A product I'm working on consists of a primary component and two sattelite components. The sattelite components are designed to run remotely and communicate with the primary component via .NET Remoting. The product is currently undergoing a QA cycle, and the QA team had a bizarre issue to report: when the system is configured to run on localhost and the network cable is disconnected while the system is up and running, remoting requests fail (they reported that the primary component fails to notify the satellite component instances to shut down, but it was actually the same with any remote call).

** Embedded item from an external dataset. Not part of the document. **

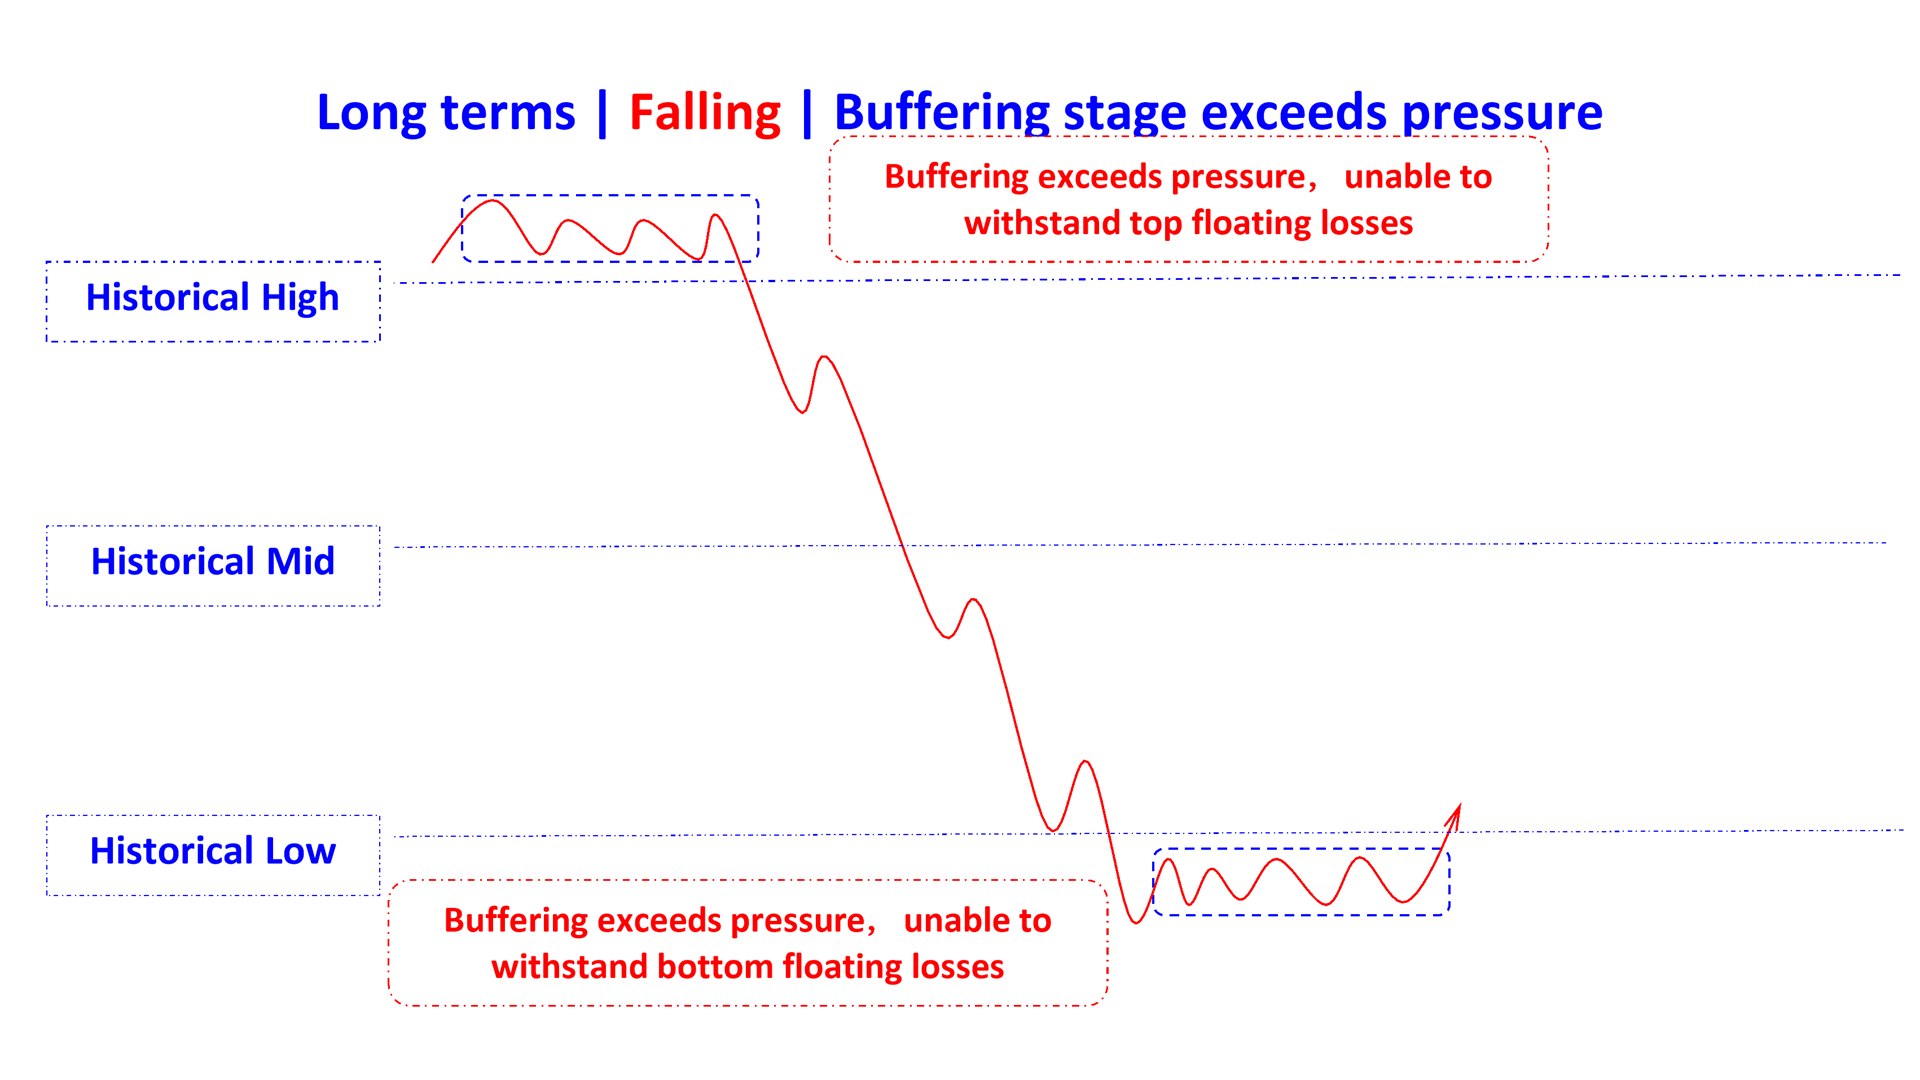 buffering stage exceeds pressure in falling en

My immediate response was "huh?" but subsequent local testing assured me that they weren't smoking anything illegal.
After quite a bit of research (this is a seemingly little-known issue with .NET Remoting) I managed to come some interesting insights into .NET, but only one relevant post I managed to find after playing with Google Groups a bit: apparently when Windows detects a network cable disconnect (via a feature called Media Sense) it "removes the bound protocols from that adapter until it is detected as "up" again". The only workaround I could find was to completely disable Media Sense, which needless to say is a very unwelcome solution.
I suppose the obvious question is "why the hell does Media Sense shut down localhost connections?" I'm often dumbfounded by bizarre design decisions in Microsoft products, but this one may just necessitate adding a really awful hack to our installation procedures on clients' sites, which just sucks.